= Crazy Cow =

Breakfast cereal

Strawberry Crazy Cow box

Crazy Cow was a breakfast cereal produced by General Mills during the 1970s.

==Background==
The cereal was somewhat of a novelty item in that it had an unusual trait. The round, multi-grain cereal pellets were coated with an excipient of a drink mix. When milk was added, it would dissolve the powdered coating, and the resultant mixture would resemble in sight, smell, and taste, a flavored milk. Crazy Cow came in two flavors, chocolate and strawberry. As the box indicated, these were just flavors; no actual chocolate or strawberries were in the ingredients. The box always contained the disclaimer "artificially flavored" or "chocolate flavored".

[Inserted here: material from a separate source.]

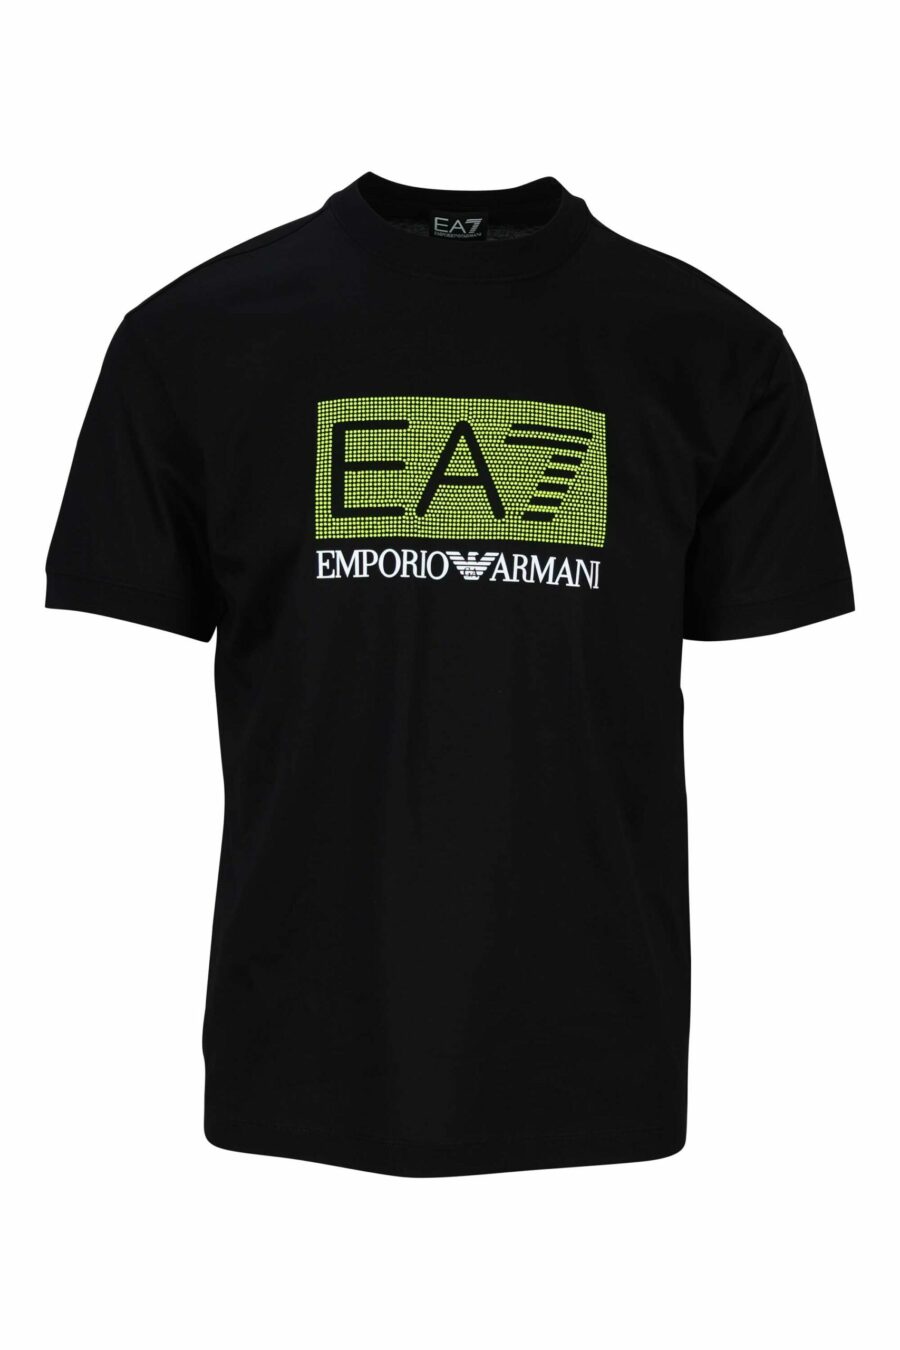 Schwarzes T-Shirt mit "lux identity" Maxilogo in grünem Quadrat - 8058947495726 skaliert
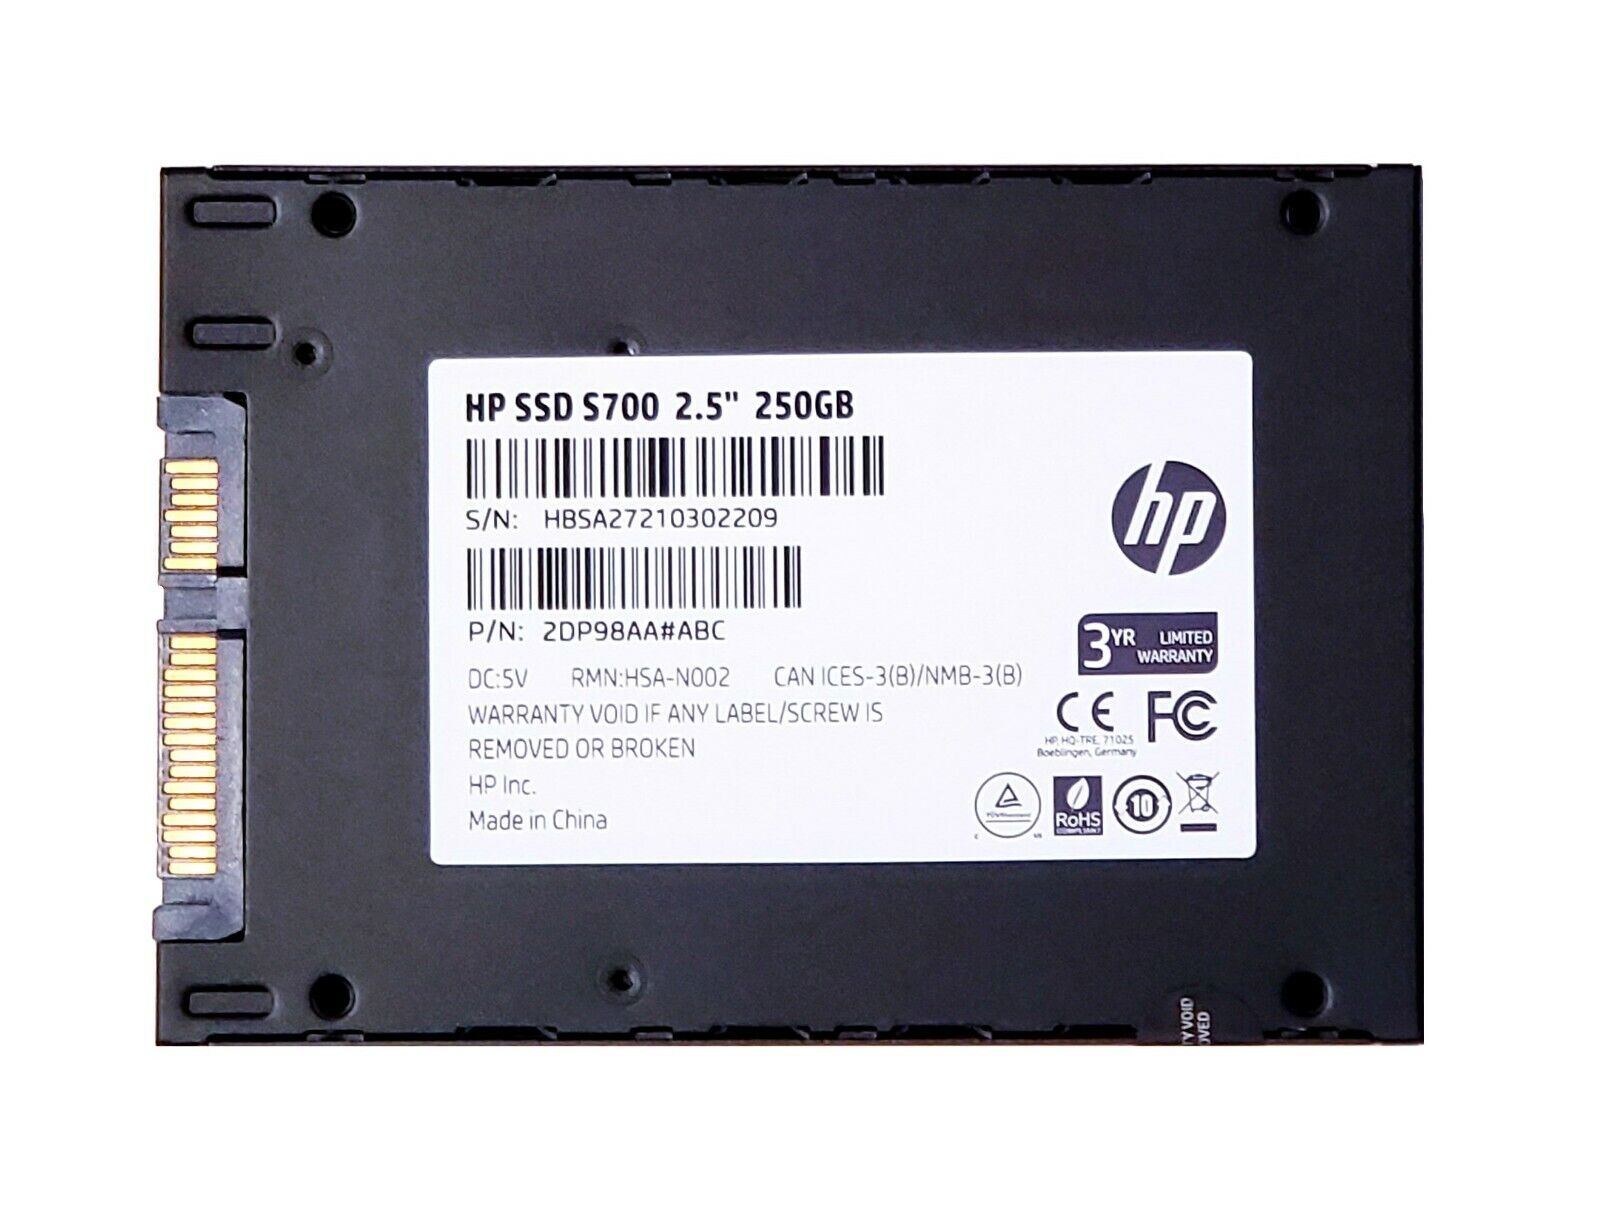 HP 250GB S700 SERIES 2.5

The front of the Crazy Cow box usually had a large cartoon cow, smiling cheerfully. On the box for both strawberry and chocolate Crazy Cow, the cow was white with brown spots and wore a hat and a cowbell around her neck. The back of the box often included enticements in the form of images of promotional items included for "free" in the box. One promotional item was Star Wars Trading Cards. These were highly collectible because they were a different variety than those sold in packs. Strawberry Crazy Cow is featured in the music video for Melanie Martinez's song "Tag, You're It".